A scheduled (January 3, 2012) foreclosure auction was averted due to a Chapter 11 Bankruptcy filing by LaGrave Reconstruction Company Several months later, the debt holder Amegy Bank of Houston finally completed foreclosure and became the landlord of the Cats.

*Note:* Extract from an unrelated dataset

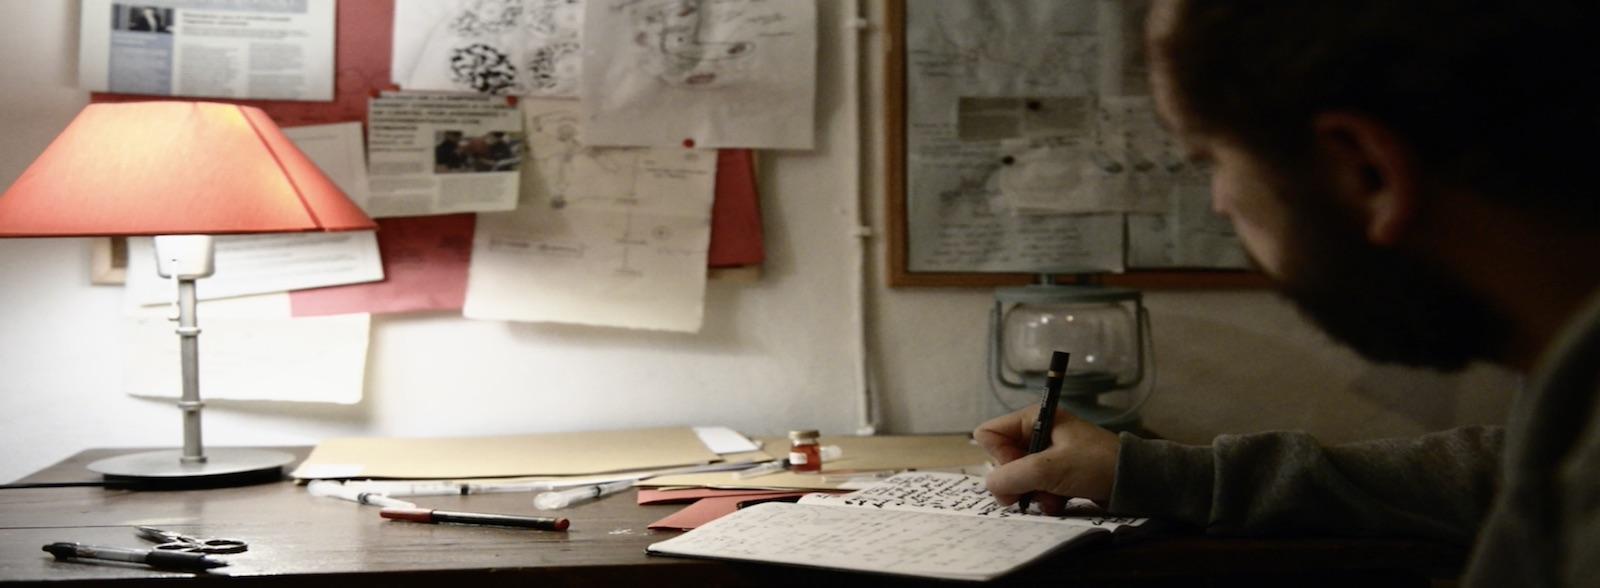 cortometraje-productora-audiovisual-barcelona-empresa

On Tuesday, October 2, 2012, it was announced that LaGrave Field had been bought by an affiliate of the team's new ownership group for $4.5 million USD. The Cats eventually folded following the 2014 season. The facility has since been abandoned and vandalized, and in July 2017 the park suffered a fire in a concession stand.

===Demolition===
In June 2024, the Tarrant Regional Water District board voted to tear down the stadium. The water district included $200,000 for demolition in its 2025 budget. Demolition began in February 2025.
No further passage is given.